Dendias'ın gece gündüz kışkırtıcılık yaptığını, sonra da "Biz hukuktan yanayız, Türkiye isterse masaya otururuz." dediğini aktaran Çelik, şöyle konuştu:
"Bütün bu kışkırtıcılığı yapan sizsiniz, hukuku ihlal eden sizsiniz, şu andaki hükümet politikası içinde de en radikal, en saldırgan üslubu kullanan, her türlü diplomasi masasını devirmeye çalışan dili kullanan şahıs bu şahıs. Türkiye'ye geldiğinde basın toplantısı yaparken bile bütün dünyanın gözü önünde buraya kavga çıkarmaya geldiği, hırçınlık yapmaya geldiği, diplomasi adına konuşmak değil Yunanistan'daki marjinal çevreleri mutlu etmek üzere konuştuğu herkes tarafından görüldü. Aslında Yunanistan 6 aylığına, 1 seneliğine Dendias'a konuşma yasağı koysa, tansiyonun önemli ölçüde azalmasına hizmet etmiş olur. Yunanistan için de faydalı olur. Bu kadar gerilim, bu kadar yüksek tansiyon iyi bir şey değil."
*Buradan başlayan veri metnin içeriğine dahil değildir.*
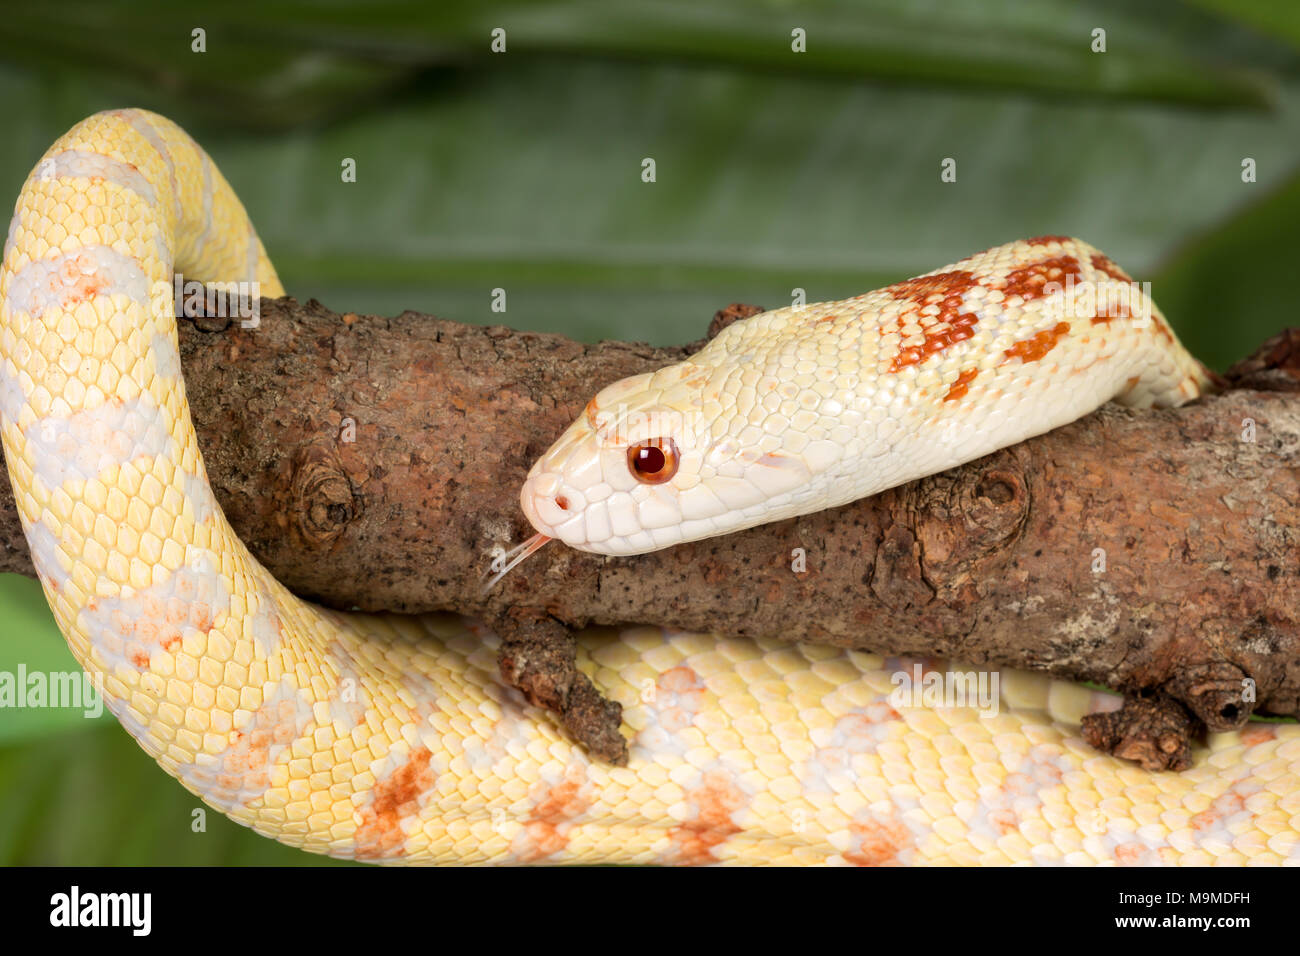 Yellow albino bullsnake curved around a tree branch Stock Photo

Çelik, bir gazetecinin "Tokat Valiliğinin 30 Ağustos'ta düzenlediği resepsiyonda valinin elini sıkmayan askerler Milli Savunma Bakanlığınca görevden alındı. Bu olaya ilişkin değerlendirmeniz ne olur?" sorusunu da şöyle yanıtladı:
"Gerek Tokat Valiliğinde gerçekleşen olay, daha önce de Kayseri'de gerçekleşen olay, bunlar asla kabul edilemez. Hiçbir şekilde devlet adabına, emir komuta zincirine uymayan şeyler. Türk Silahlı Kuvvetleri hukuka, Anayasa'ya bağlı, bütün bir felsefesinin temeline disiplini koymuş çok büyük ve güçlü bir ordu. Orada valiye, mülki idare amirine karşı yapılan bu saygısızlık Türk subayına yakışmaz. Bunun bilincinde olarak daha olay olur olmaz Milli Savunma Bakanlığı tarafından gereken soruşturma açılmış, tahkikat yapılmış, soruşturmanın selameti açısından bu kişiler açığa alınmıştır ve Yüksek Disiplin Kuruluna sevk edilmiştir."